■ **EXERCISE**: Reproduce the listing in its entirety. Do not reproduce the pictures.

■ **DATA EXCERPT**:

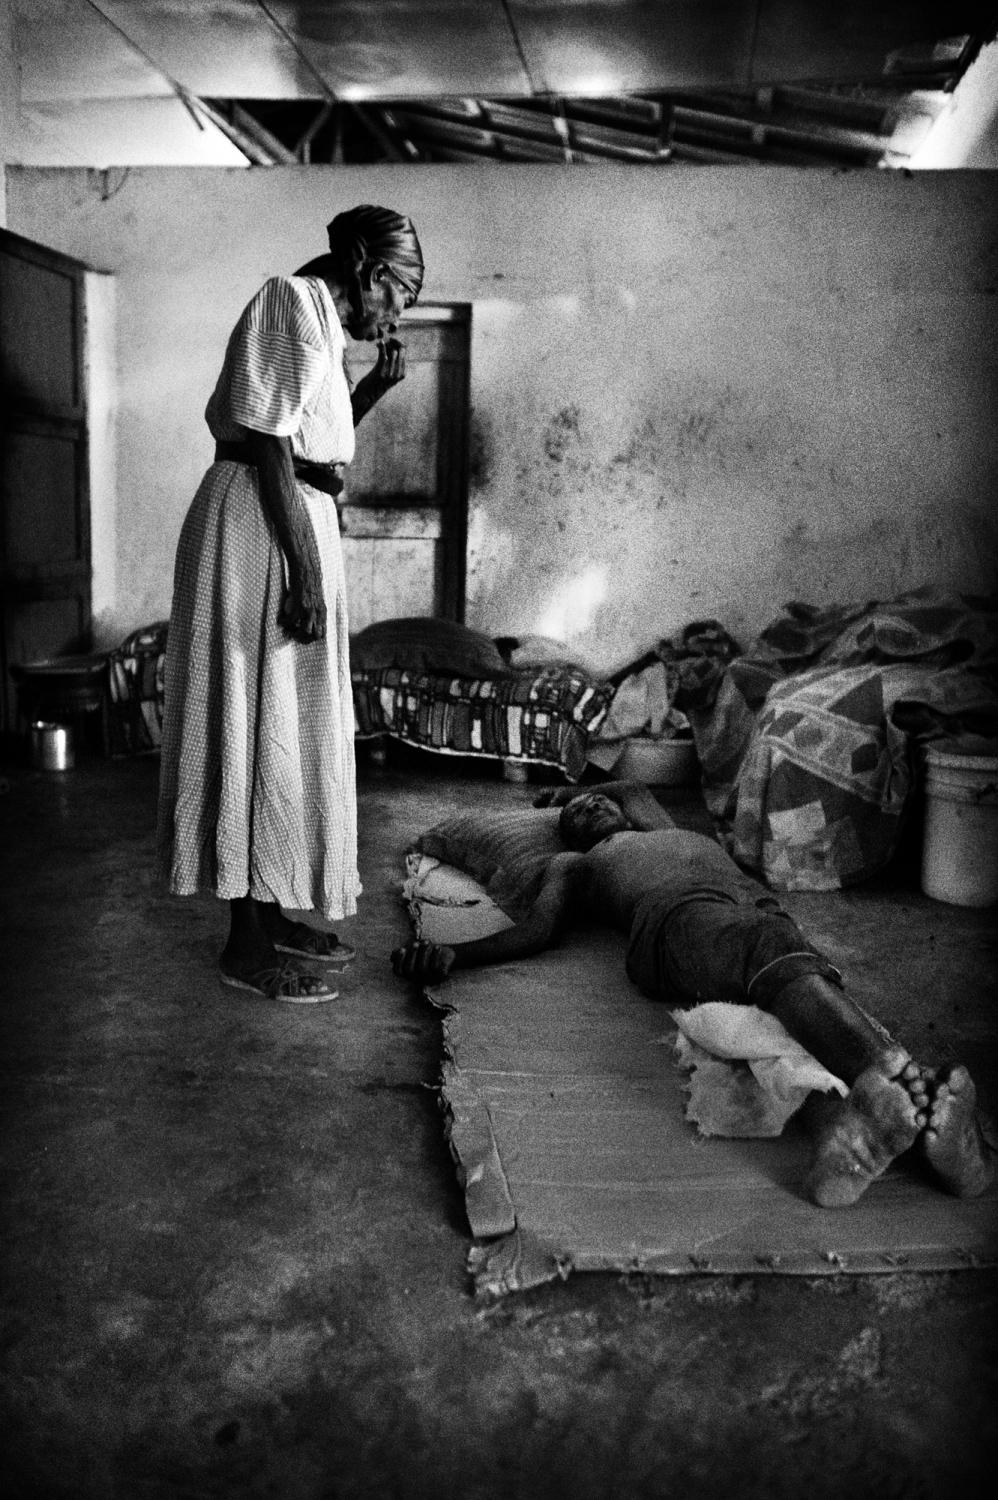 Hospice/ Haiti - Petit Guave, Haiti.
June 2010.
An inmate lying on the...

■ **ANSWER TO THIS EXERCISE**:
 Hospice/ Haiti - Petit Guave, Haiti.
June 2010.
An inmate lying on the...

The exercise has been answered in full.